# Timex mod 40 battery?



## Robden (Apr 2, 2016)

Sorting through some old boxes, I found an old 1970ish Timex "Mickey Mouse" that I'd forgotten I had. Now, I vaguely remember taking out the battery, but don't remember why.

Maybe I was going to re-new it. Not being into watches at the time, I didn't make a note of the size or which way up it goes.

It's the Timex model 40 (I now know). Can anyone help please?

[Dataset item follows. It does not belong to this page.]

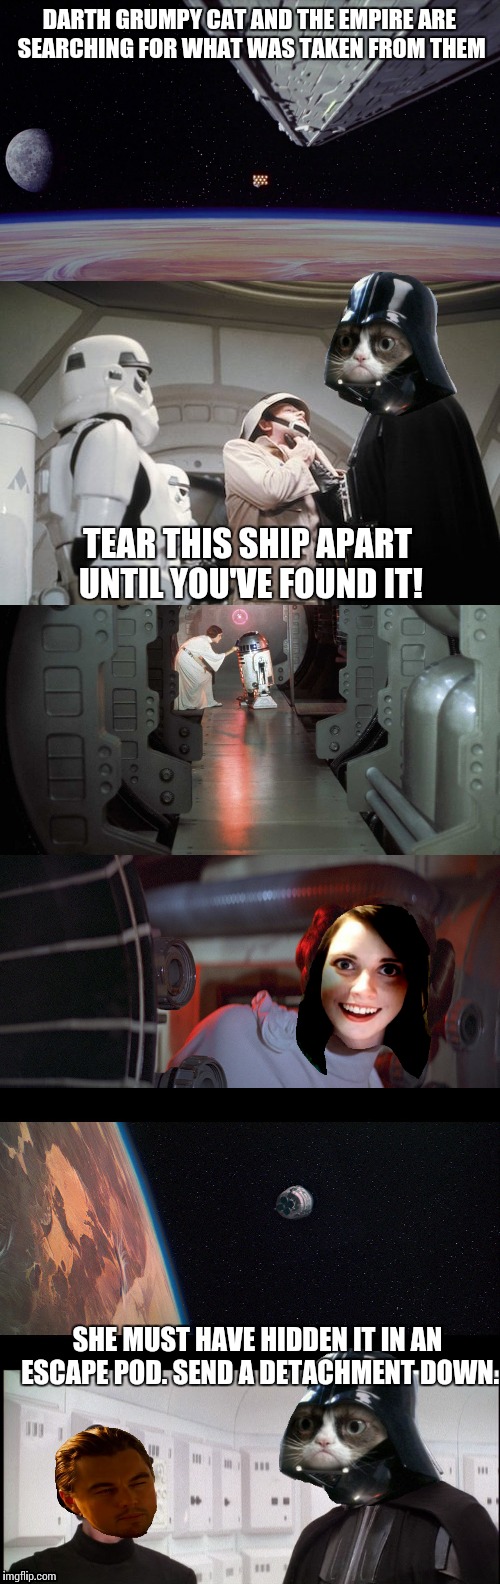  DARTH GRUMPY CAT AND THE EMPIRE ARE SEARCHING FOR WHAT WAS TAKEN FROM THEM; TEAR THIS SHIP APART UNTIL YOU'VE FOUND IT! SHE MUST HAVE HIDDEN IT IN AN ESCAPE POD. SEND A DETACHMENT DOWN. | made w/ Imgflip meme maker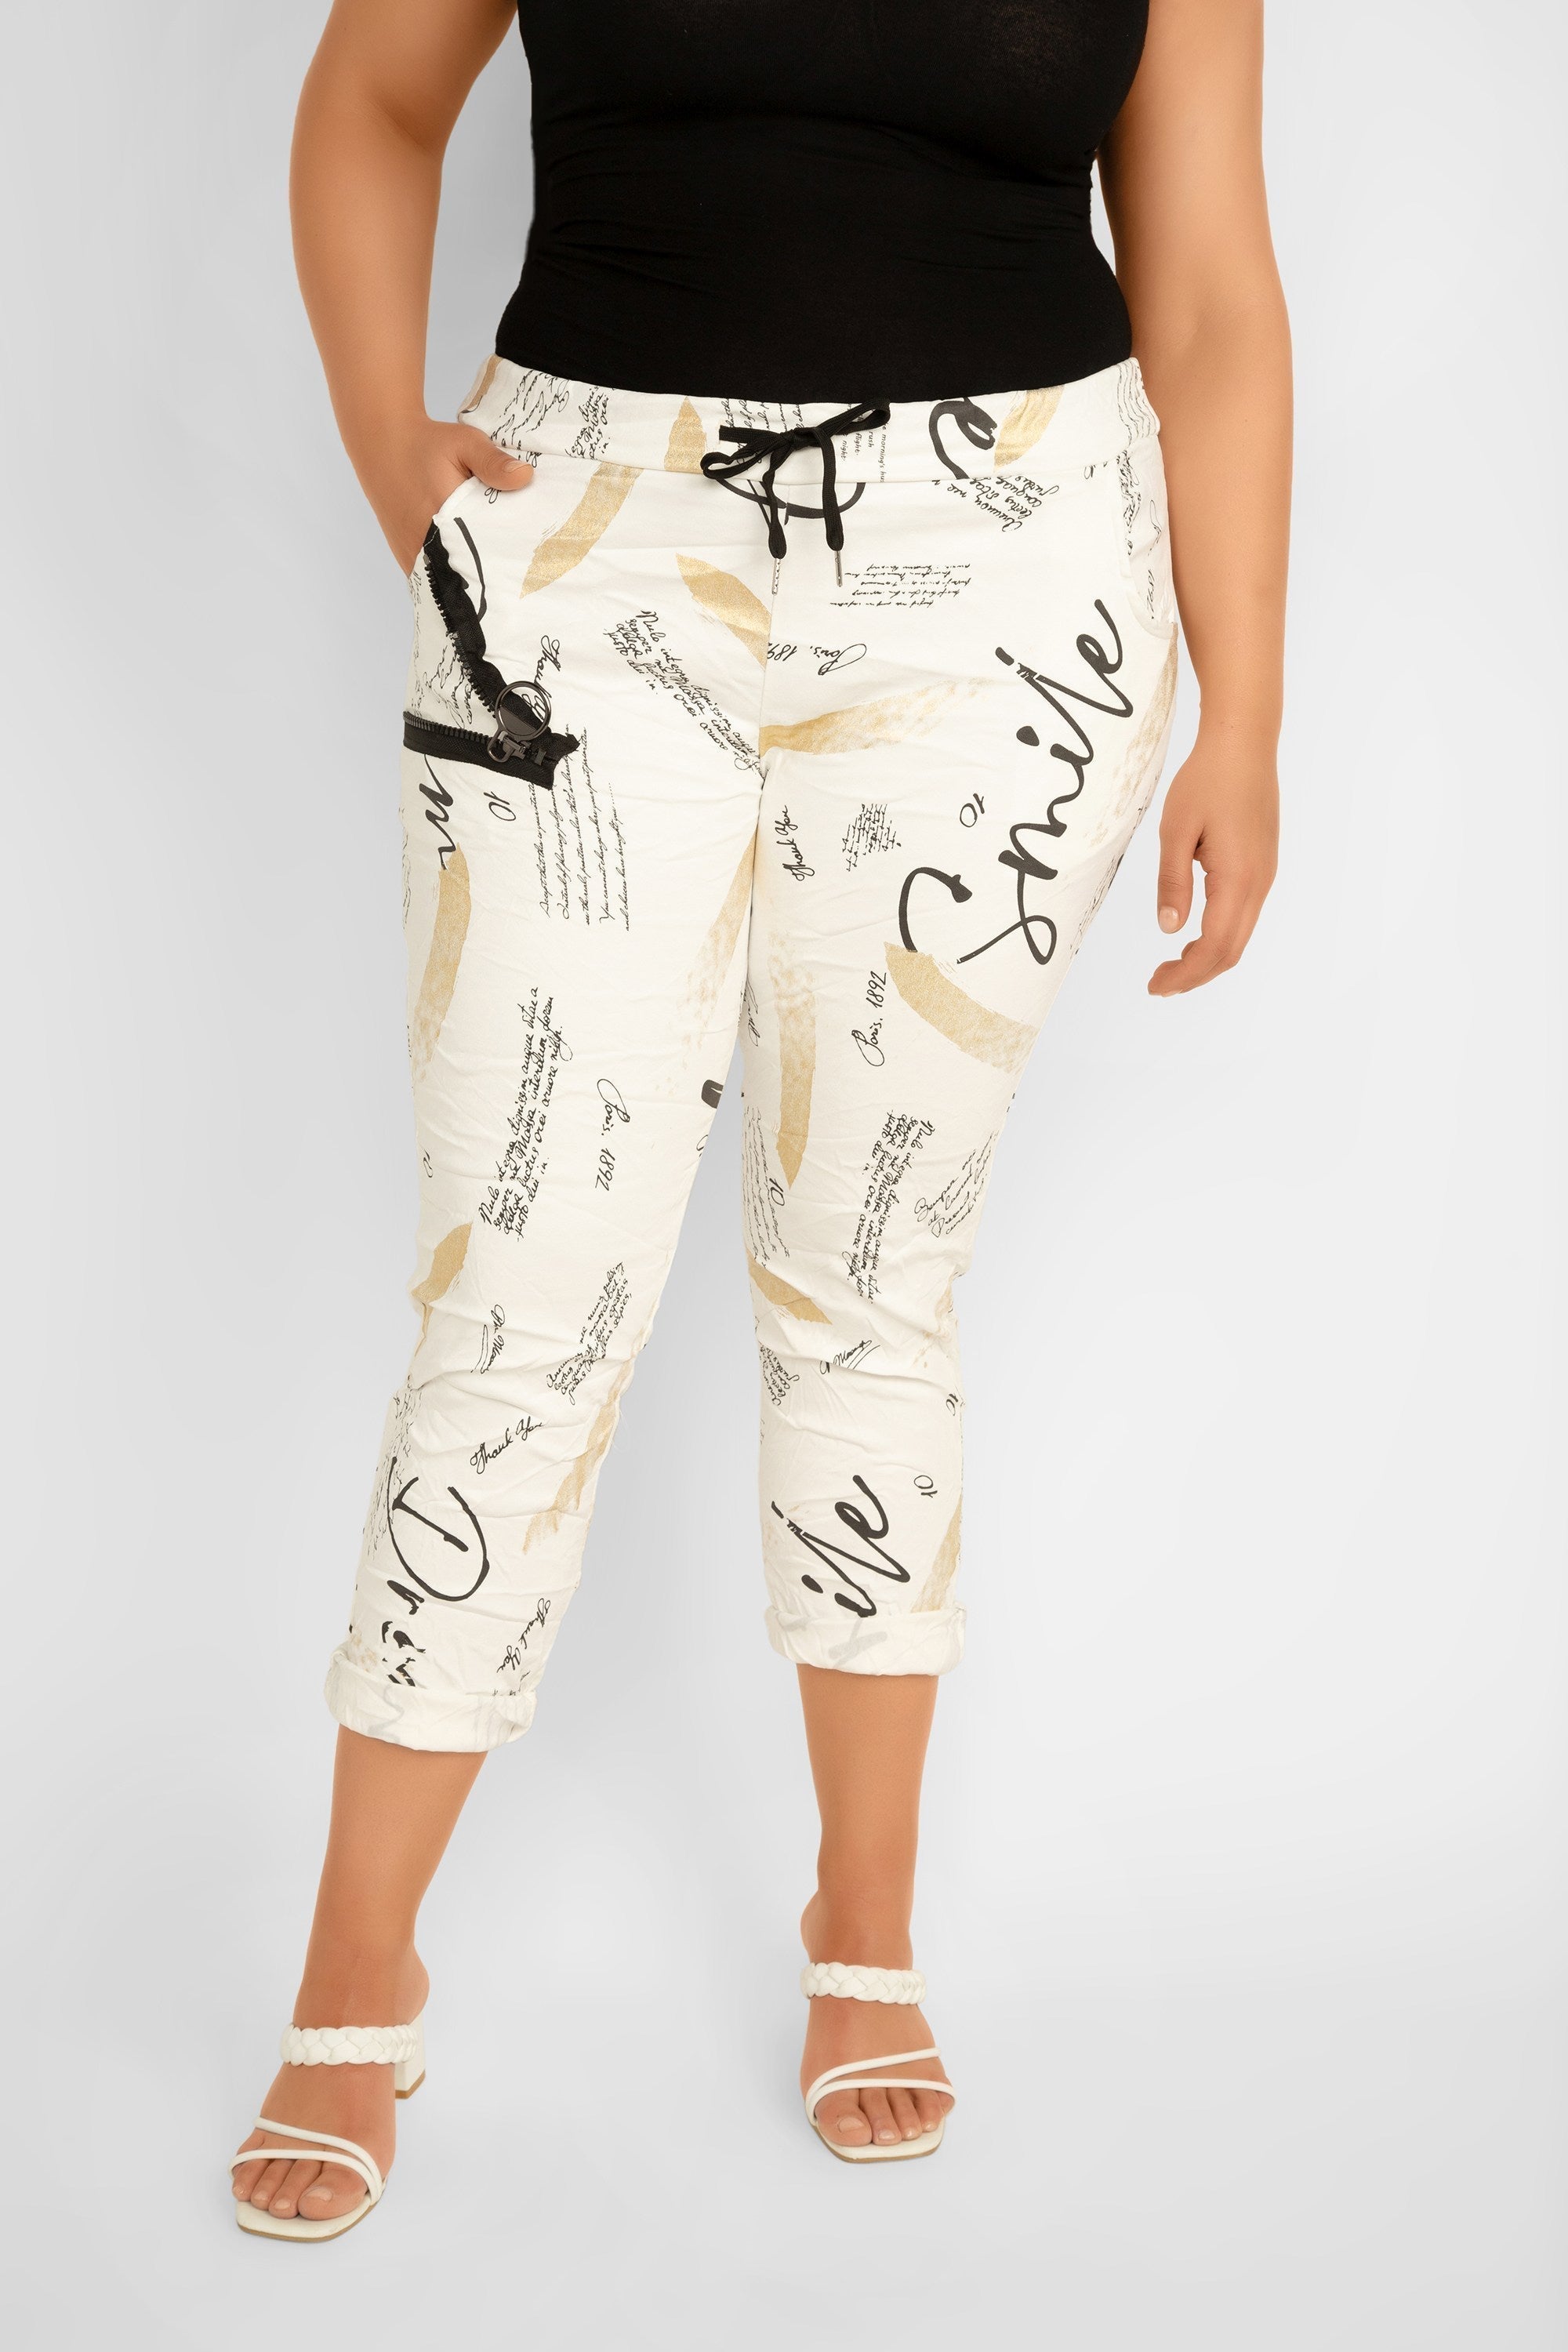 Bella Amore (68511) Women's Cropped Diagonal Zipper Pocket Pants in a Graphic print featuring black topography and gold foil streaks over a creamy white background

Thanks for any help/advice.

Rob....


----------



## jsud2002 (Nov 7, 2015)

Just had a little search and came across this

http://brassgoggles.co.uk/forum/index.php?topic=41534.0

may be of some use to you .. good luck :thumbsup:

oh and this as well but it does not state which battery I dont think

http://static.miklos.ca/docs/TIMEX_movement_40.pdf


----------



## Robden (Apr 2, 2016)

jsud2002 said:


> Just had a little search and came across this
> 
> http://brassgoggles.co.uk/forum/index.php?topic=41534.0
> 
> ...


 Thanks for that but I think I may have found it from an old thread on here. Timex manuals download from Roy. Looks like a Timex A which equals a 303/RW34/SR44SW.


----------